AK: So basically, my book is called This is Going to Hurt: Secret Diaries of a Junior Doctor and it’s that. I worked as a doctor for six years, and eventually stopped being a doctor. During my time as a junior doctor, I kept a record of what I was up to, which you’re told to do in order that you can pass to the next stage of medicine as you have to submit evidence of what you've done. Most people just keep a log, but the frustrated writer in me was just jotting down the weird shit that happened.
MW: I was going to say, the diaries seem a little bit more elaborate than what would normally be required of a house officer.
AK: In full disclosure, in the book I’ve missed out a lot of extremely boring things that happened as it would have made for a very long book. Perhaps I’ll put them in the sequel - the boring bits in between.

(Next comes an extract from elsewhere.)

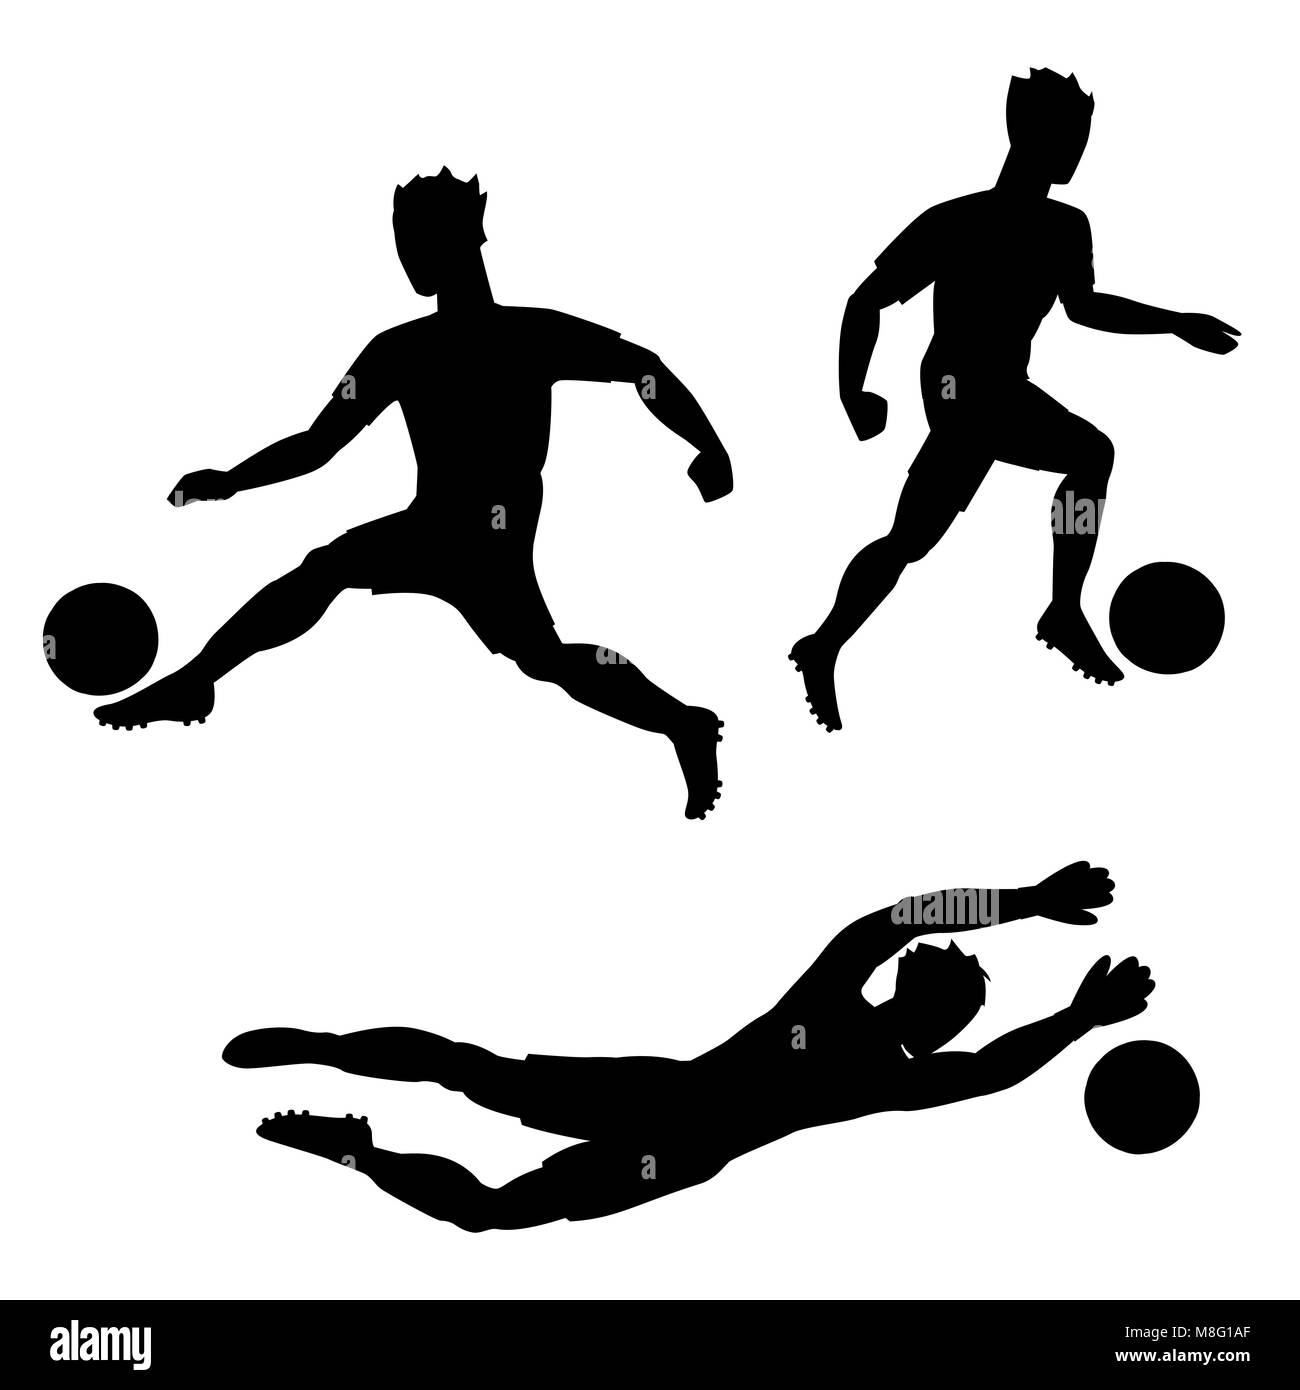 Set of soccer players with balls. Silhouettes of men on white background Stock Vector

MW: It would have been one hell of a career if it was just made up of all these anecdotes. You say the frustrated writer in you was composing these medical reports; was it ever in your head or did you ever imagine that some sort artistic endeavour could come out of this when you were doing the miserable rounds on the wards. Did you ever stop and think, some of this is actually quite funny?

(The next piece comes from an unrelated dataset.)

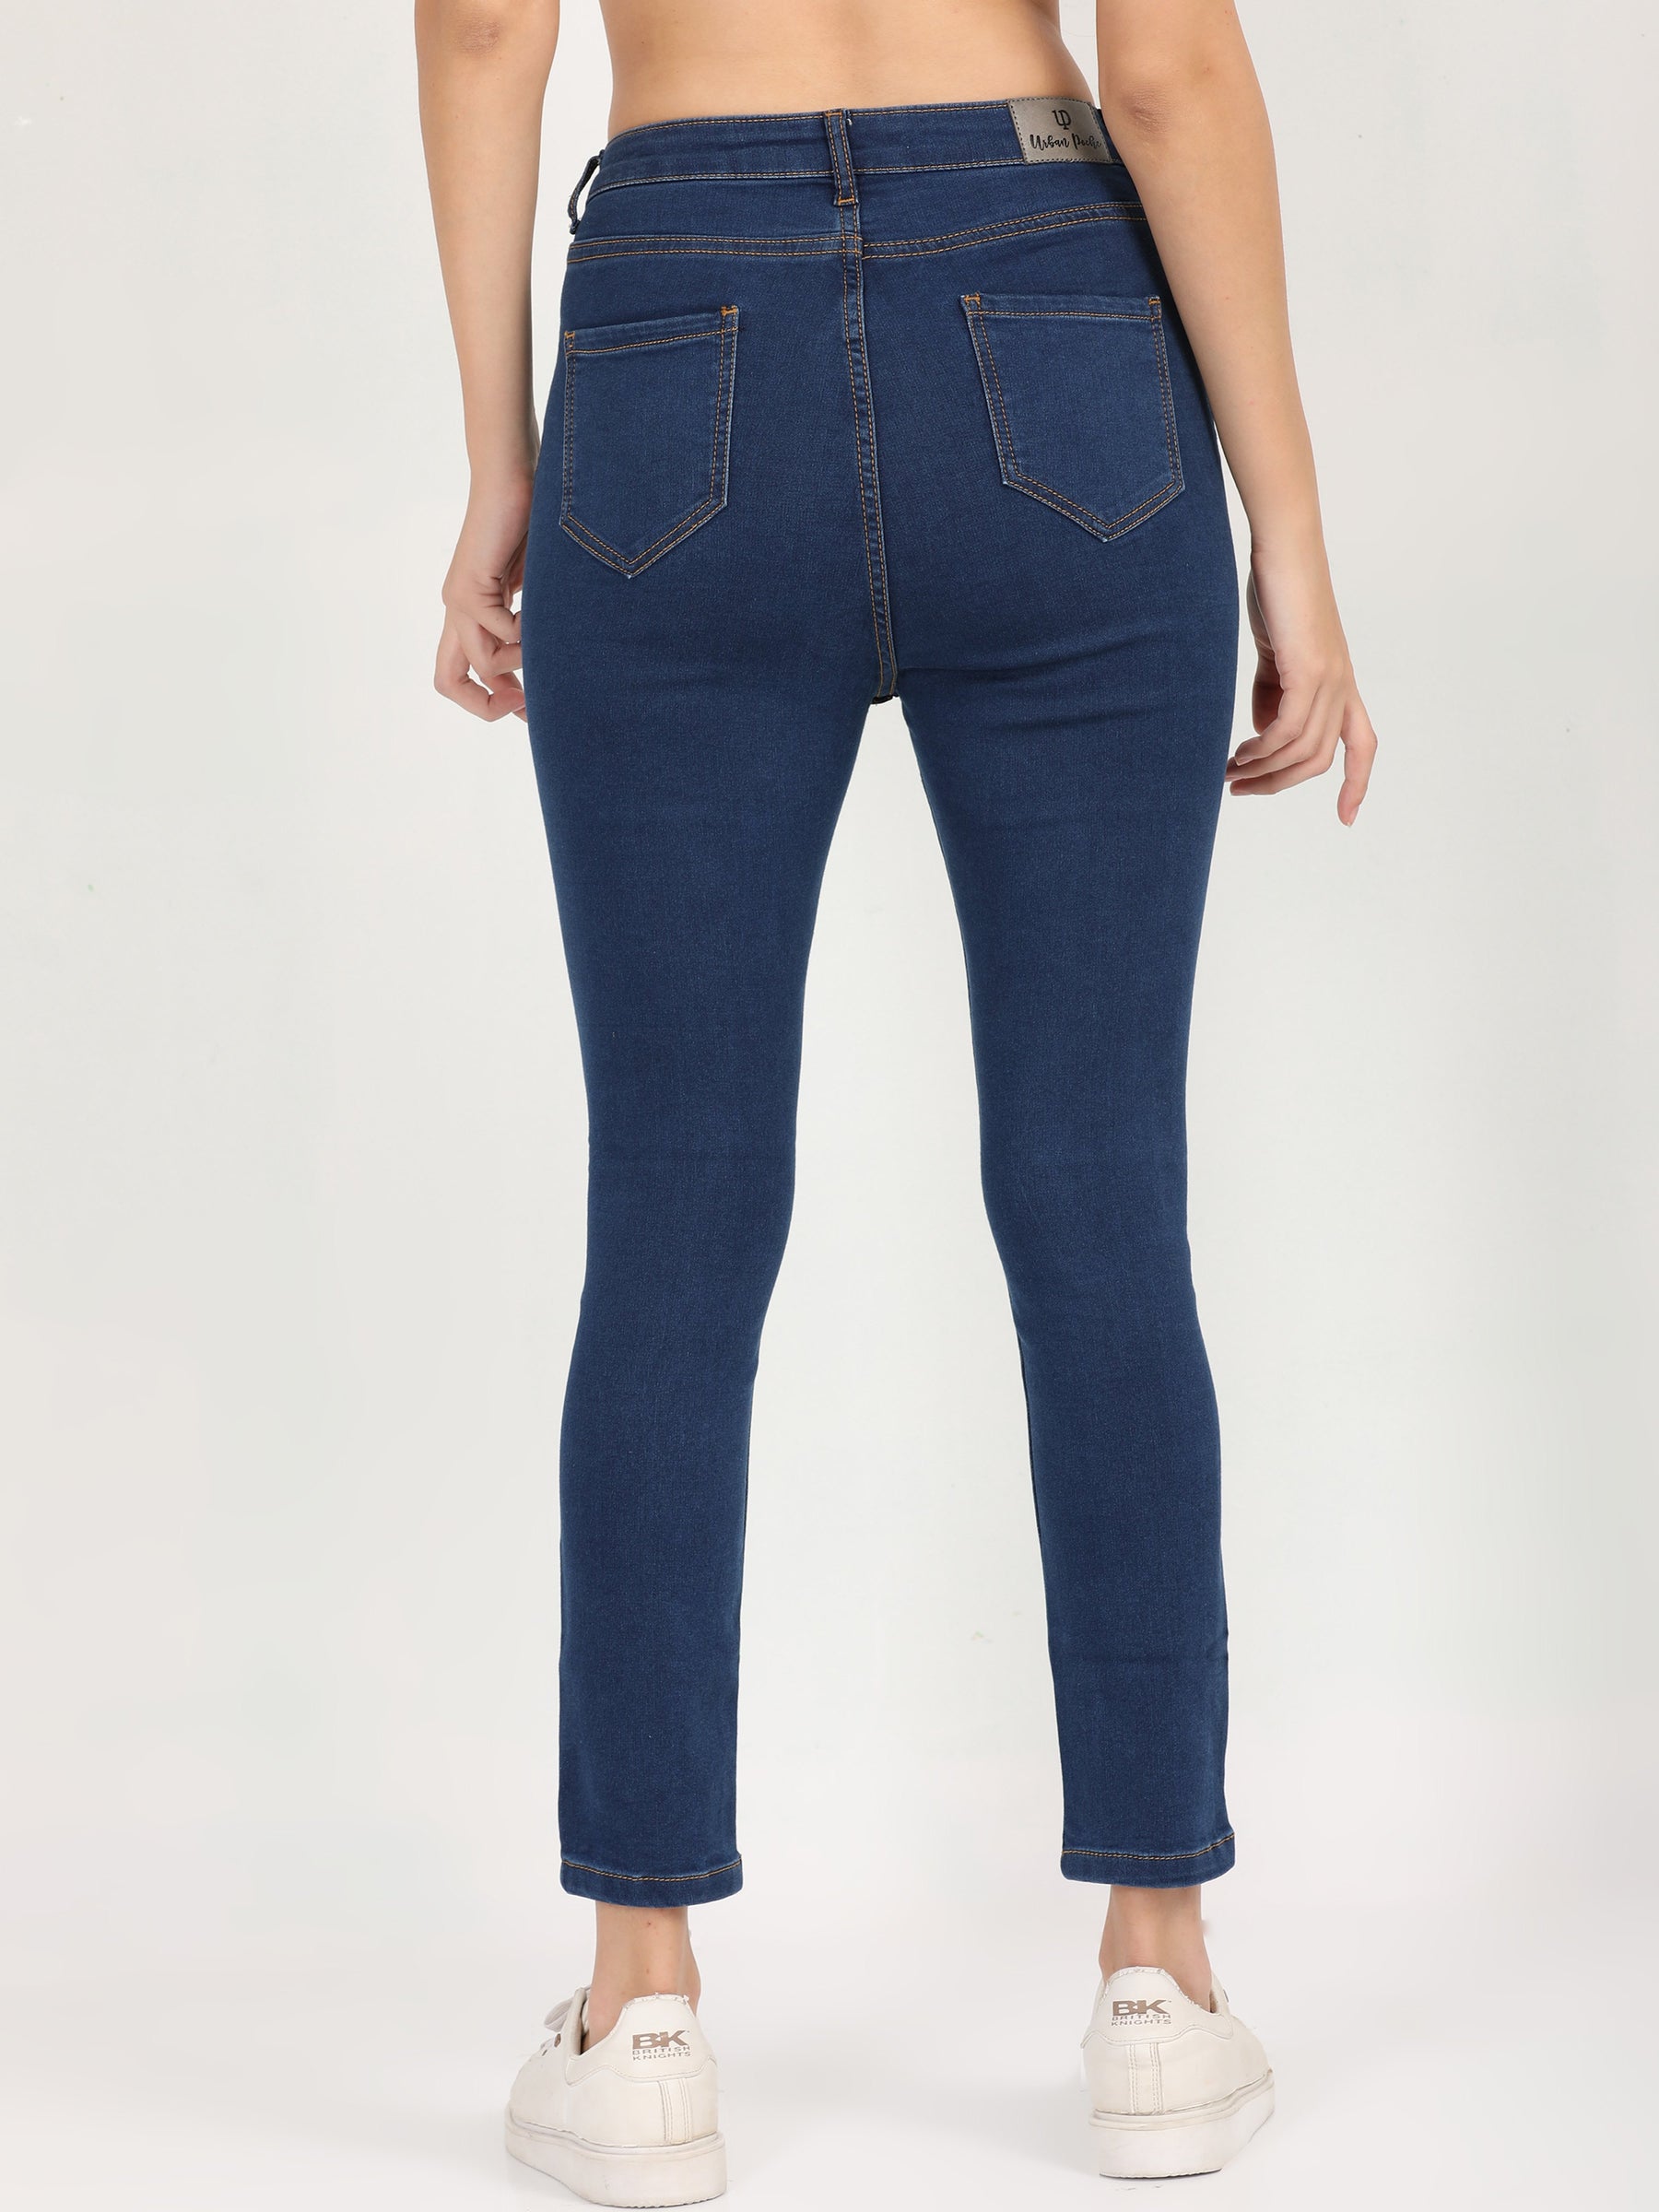 Skinny Blue High Waist Jeans Ankle Fit

AK: I didn’t. No one thinks of their own life as being particularly exciting. These were just anecdotes I would tell at dinner parties, and in general, I didn’t think the petty bureaucracy and mundanity of being a junior doctor would be of any interest to anyone. Also, everyone I knew was a junior doctor, so we were all having the same sorts of experiences.
MW: You came to write This Is Going to Hurt, having left the profession a few years ago, and you’ve been a performer for a few years now. This book comes out of a live show that you did, right?
AK: Yes, and it’s sort of your fault. You came to one of the shows which I was doing, which I’d pulled together out of these diaries on the basis that doctors were having a bit of a rough ride and I’d thought “let’s stand up for doctors a bit”. You came along to see it, and brought a publisher, and here we are.
MW: What I’d really wanted, having enjoyed the show enormously, was to see you suffer having to transcribe it for nine months. Comedians tend to hate each other and there you were in Edinburgh basking in all the glory, and I thought, "what would bring him back down to earth is the graft of having to turn it into a book, which will take ages."
How long did you sit on all this material and what prompted you eventually to unleash this show with all these startling personal revelations? Did you feel the show which the book came from was a response to the specific war that doctors are fighting at the moment?
AK: Two things had happened. Underneath it all when I left medicine, I was proving to myself that I was now a writer, a performer, a comedian, I don’t need any of that. So, I wasn’t going for the medical niche. And then I realised that it was something I could draw on. And yes, what is happening to the NHS at the moment did play a part.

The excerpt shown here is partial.